How to implement Nutanix GPT-in-a-box?

Simply having a Nutanix cluster would not suffice to run GPT on it. A cluster must be sized for usage of AI. This means that the Nutanix sizer would add specific hardware and licenses to the cluster that are needed to run GPT-in-a-box.

The first thing what is needed is the GPU enabled nodes, as GPT needs a lot of parallel compute power that will be covered by the GPUs in every node. The second thing is the need of files and object storage to fine-tune and run the chosen GPT models. This is a part of the Nutanix cloud infrastructure Ultimate license model that is included in the Nutanix GPT-in-a-box service.( Of course next to the AI specific needs the cluster will have its native Nutanix functions with its AHV hypervisor, resilience and ease of management)

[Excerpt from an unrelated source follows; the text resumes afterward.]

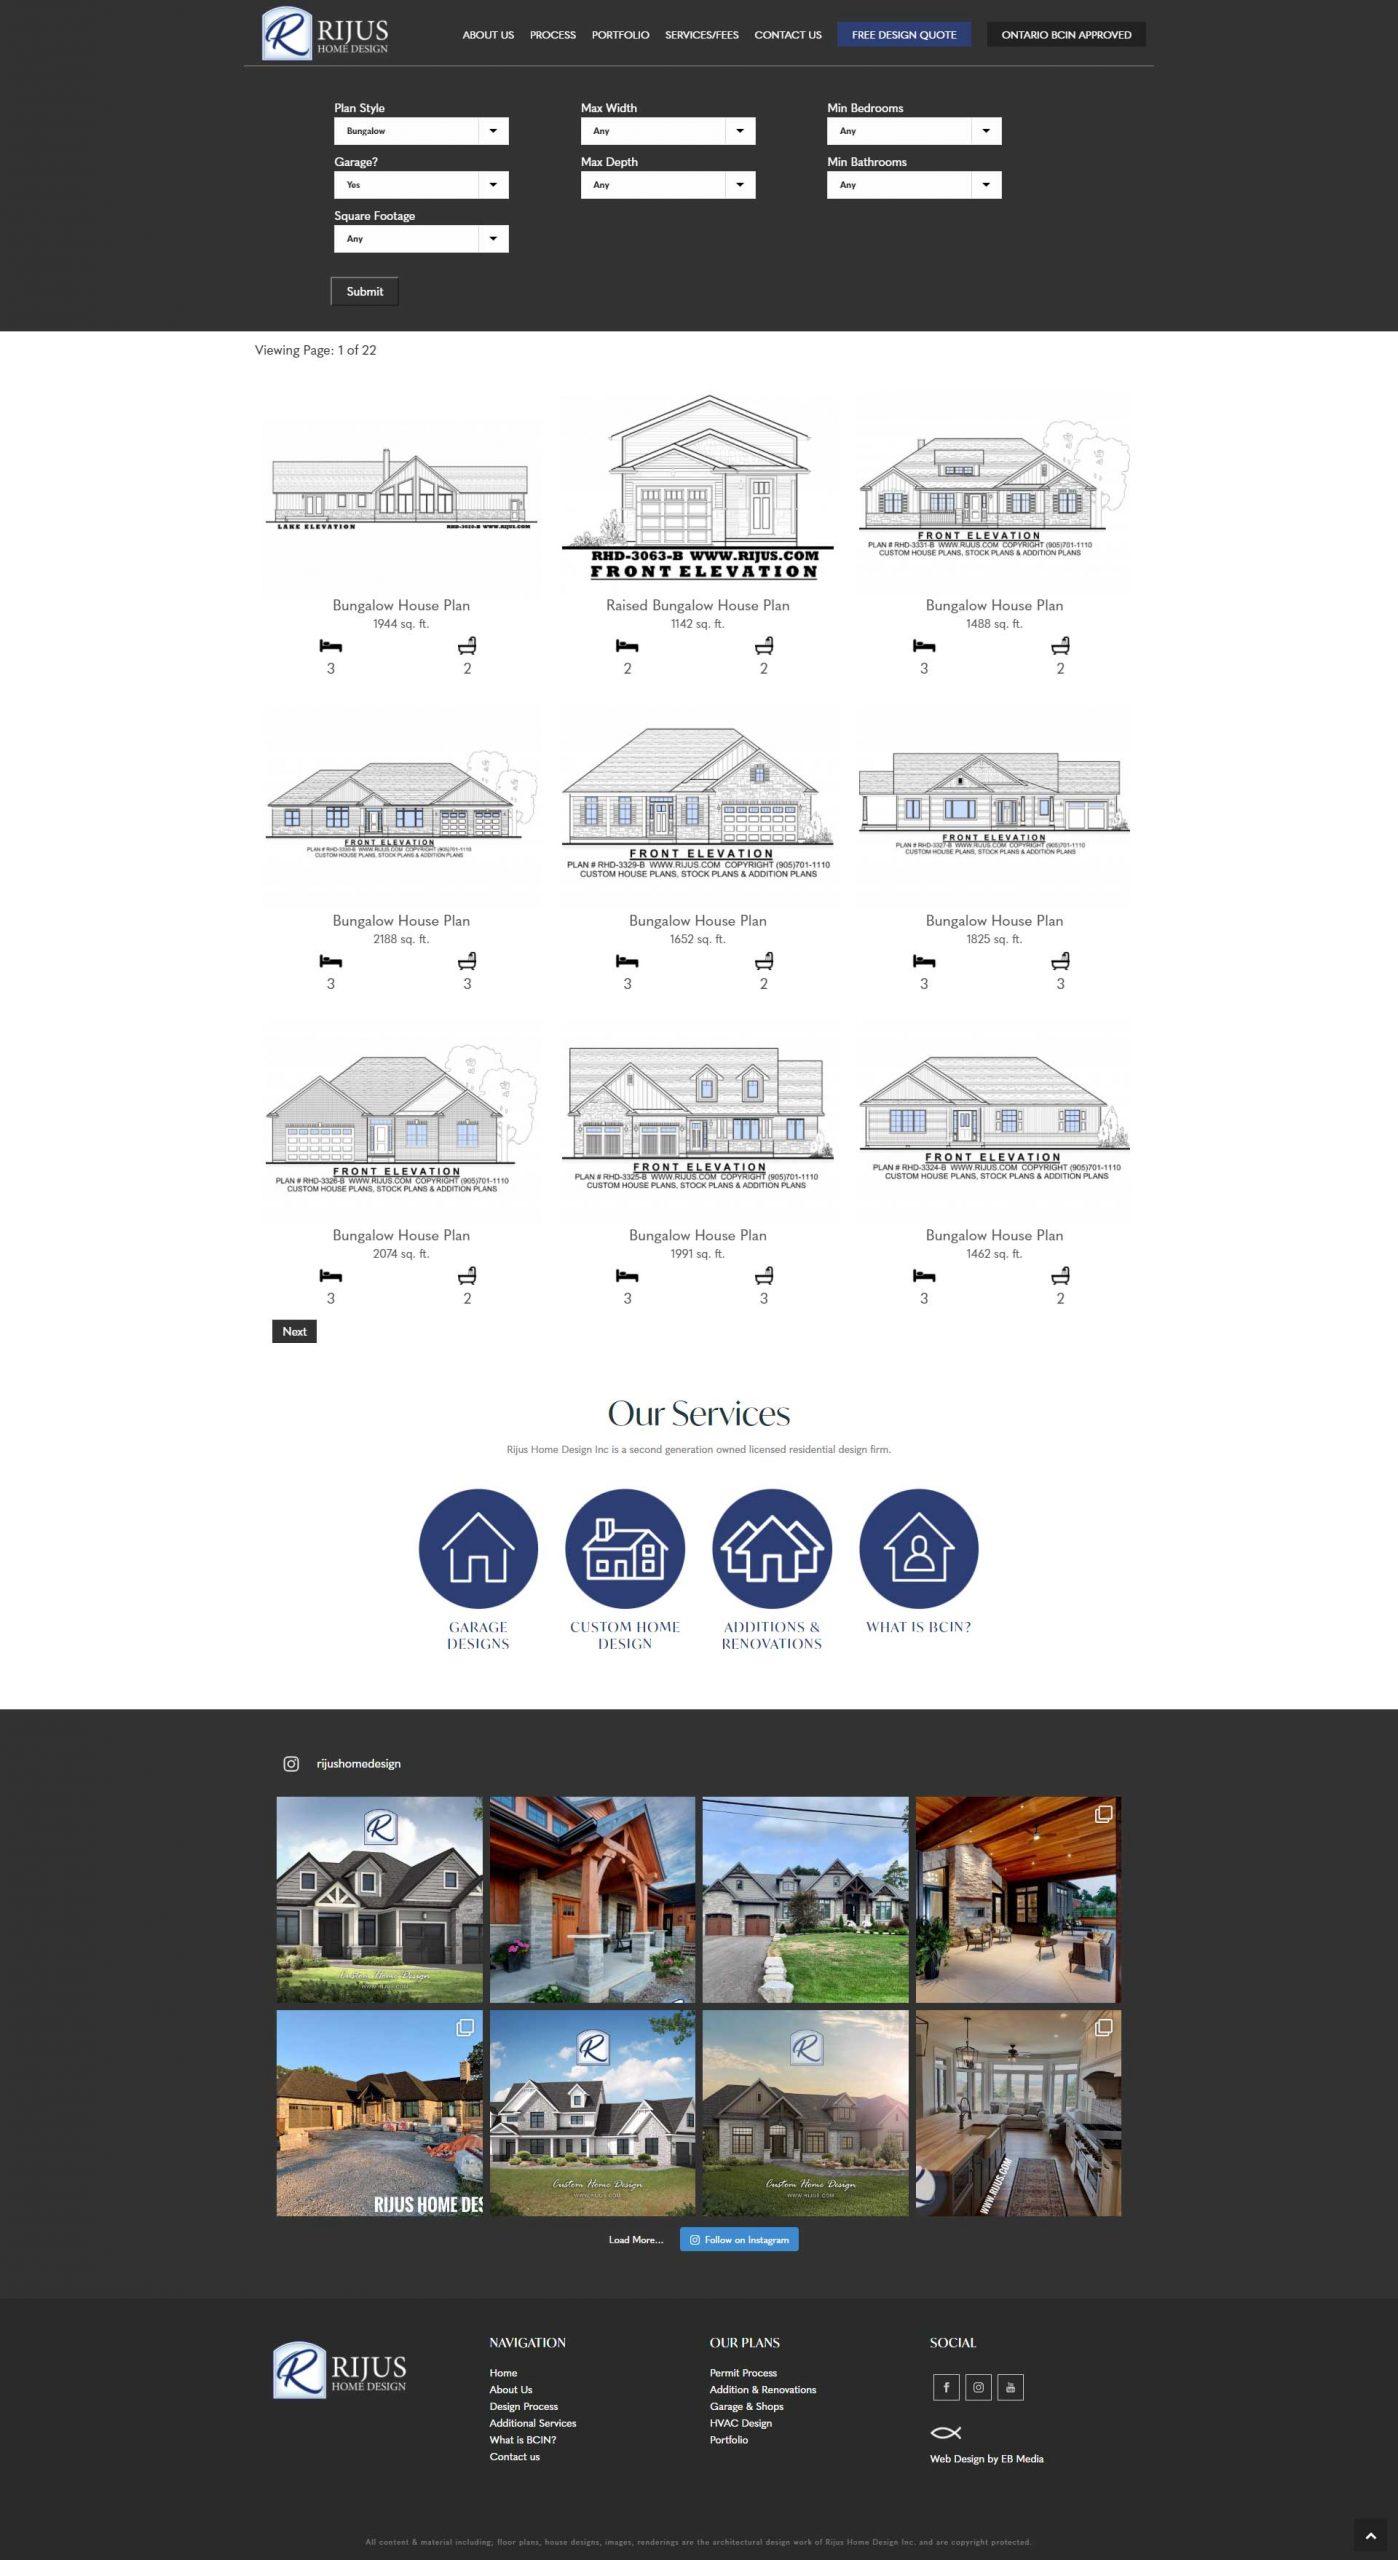 rijus-home-design-work2

The AI compute can run on two different platforms in a Nutanix cluster, a Kubernetes cluster or a ubuntu VM although for production workloads it is recommended to use a Kubernetes cluster. Nutanix uses open source software to deploy and run AI workloads, the software includes PyTorch software and Kubeflow MLOps toolset. Also every generative AI needs a Large language model. This model is where the AI gets its information from. This can be a generic LLM that is available on the validated models of Nutanix or it’s also possible to build your own Large language model. Nutanix also supports the usage of multiple LLM’s on the same cluster.

Conclusion

Nutanix GPT-in-a-Box is a very easy start into having your own generative AI running in your data center with a language model you selected and inserted with the customer business data. A safe way of accelerating your business with generative AI. This is just scratching the surface on what generative AI can do.